When I was in ministry I used to stand in front of the church and speak words into a microphone that I hadn’t written out beforehand. I’m not sure how I did this - my hope is that it was God doing the talking, not me. I’m remembering one of the things I said in that space. I was talking about my own disbelief, my own tendency to brush aside the wonders of God. I was telling the people who came that night about a friend of my mother’s who had received unexpected healing and how I internally rolled my eyes when the friend credited God. Here I was, a leader in a healing ministry, expressing disbelief. I told the people that in that moment, I heard God say, “Why not me? Why not? What would it be like for you to even entertain the idea that it could be me?”
It was a humbling moment and ever since I have tried to Entertain The Idea. Not just in healing, but in all areas of my disbelief. When I entertain the idea I am not committing, I am not vowing, I am not even really doing, I am simply practicing. Trying it out. Seeing what it’s like. Entertaining the idea.
These days I am realizing that, for me at least, entertaining the idea is the first step to belief. That belief is not necessarily going to come naturally or easily, especially if I have spent years or an entire lifetime believing something else. When you are that rooted in a belief that no longer strikes you as true, you can’t just break up with it and take on the new belief like a Love Island bombshell who marched in and caught your eye. You have to let go of all the other stuff and the first step, for me, is to entertain the idea that something else could be true.
Right now I am working through my beliefs about what it means to be Good. Where did these beliefs come from? What does being good mean to me? What does it get me? What am I afraid of if I am not good? Do the beliefs that rule my actions actually produce something good? What IS good?

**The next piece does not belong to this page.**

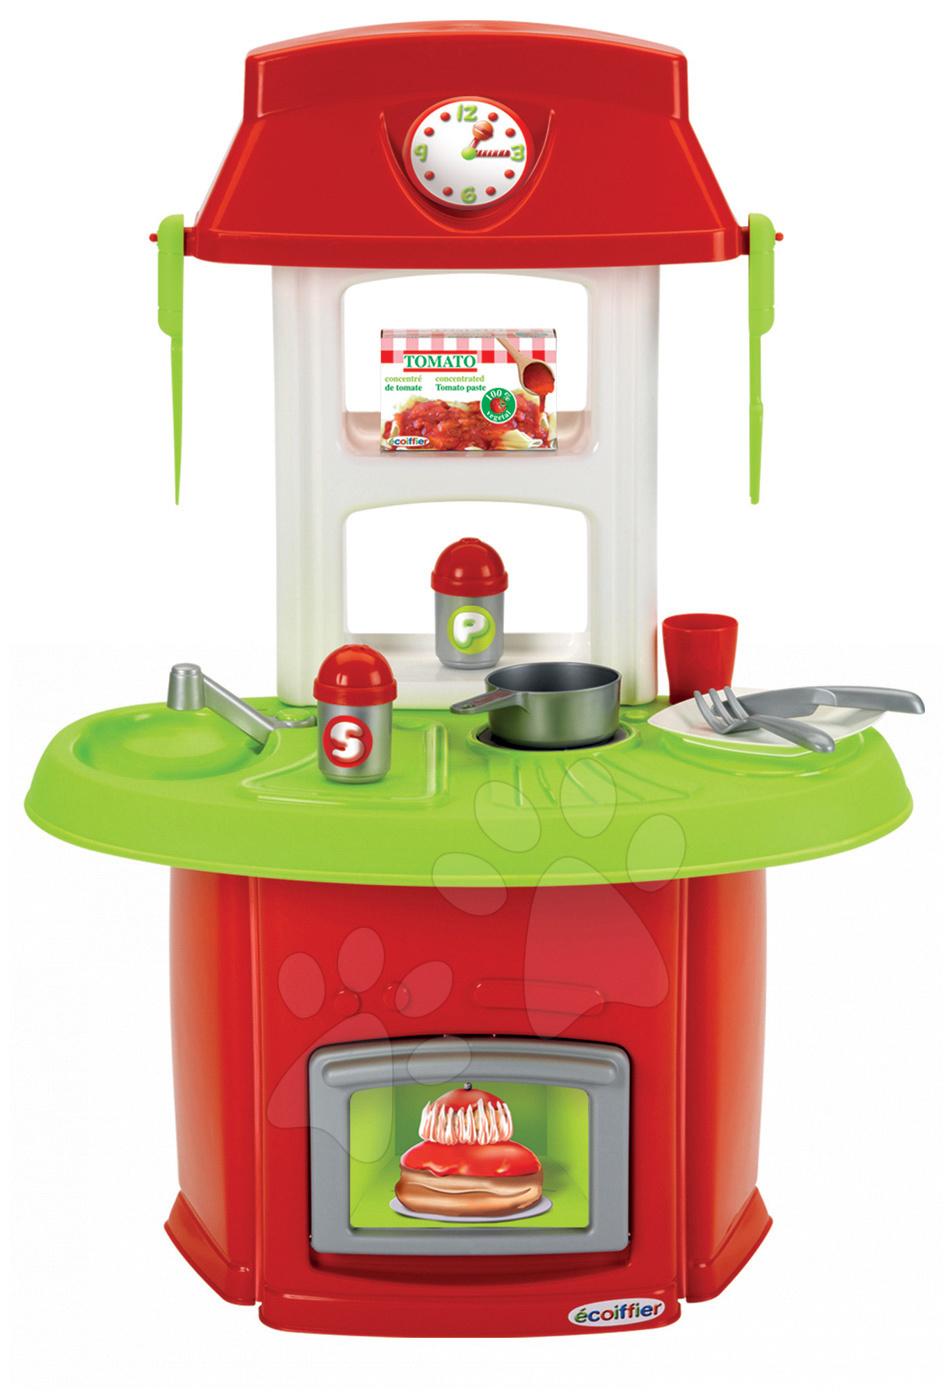 Obyčejné kuchyňky - Kuchyňka 100 % Chef Italian Écoiffier s 13 doplňky červeno-zelená od 18 měsíců

Do you ever have a flash of clarity about who you are and who you are supposed to be? Sometimes I have these flashes and I see myself exhilarated, joyful, present, hilarious, bright, shiny, bursting with ideas and creativity. In that flash I think to myself that is the real you!!! I grasp for her but she disappears the second I think but I can’t be her. I can’t be her because she doesn’t care what people think. She doesn’t worry about how her movements in the world might affect others. She just… moves. I can’t be her because I’m afraid of what people think and I’m afraid of how choosing myself and who I am supposed to be might affect my husband, my kids, my family, my friends. Choosing myself isn’t Good. Not adhering to expectations isn’t Good.
I am trying to entertain the idea that being that girl - hey, I’m turning 45 in a few days, but whatever - is the actual good thing. The goodness in me, the good I could bring to the world, just Good. Entertaining the idea that being that girl is good - the most good - for the people around me. I haven’t really needed to deconstruct my spirituality and experience of church, but lately I see the need to deconstruct my ideas about what makes me Good. They are getting in the way of the fullness of who I am with God.
Choosing myself for the sake of choosing myself is one thing. Choosing the fullness of who I am while in alignment with the Creator… I mean, that has to be the most most good, right? I am thinking about it, I am toying, I am entertaining the idea.
This may be totally different than where you're coming from with this, but I had a similar experience. In my case I entertained the idea that maybe there was a space for gay people to be okay with God, you know? I have always struggled with how they fit into the church, and was lucky enough to work with someone who was part of the LGBTQ community AND was a biblical scholar, and I asked the question--how do they reconcile some of the rather clearly damning passages against homosexuality? They explained that there is reason to believe that the "sexual immorality" translations were rooted more in pedophilia than simply gay relationships. I still struggle with how it fits around the whole one man-one woman thing fits as that's pretty clear, but it was enough to make me stop and say, "What if it's not the impossible sin everyone seems to think it is?" God is just bigger than that--he has to be. I truly believe that for some people (not all), it was not a choice (too many sad stories of the consequences of praying the gay away when it didn't work and people lost hope), and I can't accept God would allow them to be that way, predestined for hell unless they did impossible mental gymnastics or spent their entire life in a special brand of misery. There has to me more too it, and I feel He's just fancy enough to have a way to make all of that work, even if I don't understand it. From that acknowledgement on, I may still sit sort of weirdly stuck with a lot of questions, but I DO NOT want to ever be a hindrance to people finding God, so I will not be putting on my judgy pants under any circumstances. I believe that God's laws (the less clear ones, anyway) generally only apply to believers--or at least, it's not my place to say you're going to hell. I'd rather love you, show you there's more to the faith, and let God confront you in His own way once you're there. Me starting with the fire and brimstone isn't going to get you to that point, ever, so I'm not going there. I will lead with love, follow the greatest commandment, and that's where I sit. It's obviously way more complicated than that, but that's the short version. But I couldn't get there until I entertained the idea that my feeble brain was no match for God's ways. And really--I had to get to that point before my faith imploded due to too many questions, hypocrisies, etc. Faith is so HARD sometimes. I admire your faithfulness to keep pursuing no matter how twisted a path it feels.